Porting Java 2D package from J2SE to J2ME CDC
Introduction
Consumer electronics has become more sophisticated and user-friendly with the advent of embedded technologies. Java has been the language of choice in the area of embedded software development. Sun Microsystems, keeping in mind diverse development needs, has provided three different Java Technologies, depending on the environment that the application is targeted to run on.
The first technology, Java 2 Platform, Enterprise Edition targets applications that are developed to run on Enterprise Servers. The second, Java 2 Platform, Standard Edition targets desktop and Internet applications that run on Personal Computers. Finally, Java 2 Platform, Micro Edition targets applications that are developed to run on resource constrained and embedded devices.
Java 2 Platform, Micro Edition
Java 2 Platform, Micro Edition technology specifically addresses the needs of a wide variety of consumer electronics and embedded devices ranging from pagers, mobile phones, and Personal Digital Assistants (PDAs) to screen phones, TV set top boxes, etc.
The specification of J2ME also allows customization of the applications through the use of personal profiles specific to a particular kind of device, in order to meet the device's own requirements.
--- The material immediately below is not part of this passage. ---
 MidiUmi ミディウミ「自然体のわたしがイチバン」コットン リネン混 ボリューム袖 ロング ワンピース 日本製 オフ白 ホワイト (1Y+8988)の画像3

Configurations and Profiles
The J2ME Architecture is based on two fundamental elements :
- Configuration
- Profile
Together, these elements deliver a specification that consumer electronics and embedded device manufacturers can implement on their products.
Configurations
A "Configuration" is a Virtual Machine and a minimal set of basic class libraries and Application Programming Interfaces. A configuration specifies a generalized runtime environment for consumer electronic and embedded devices.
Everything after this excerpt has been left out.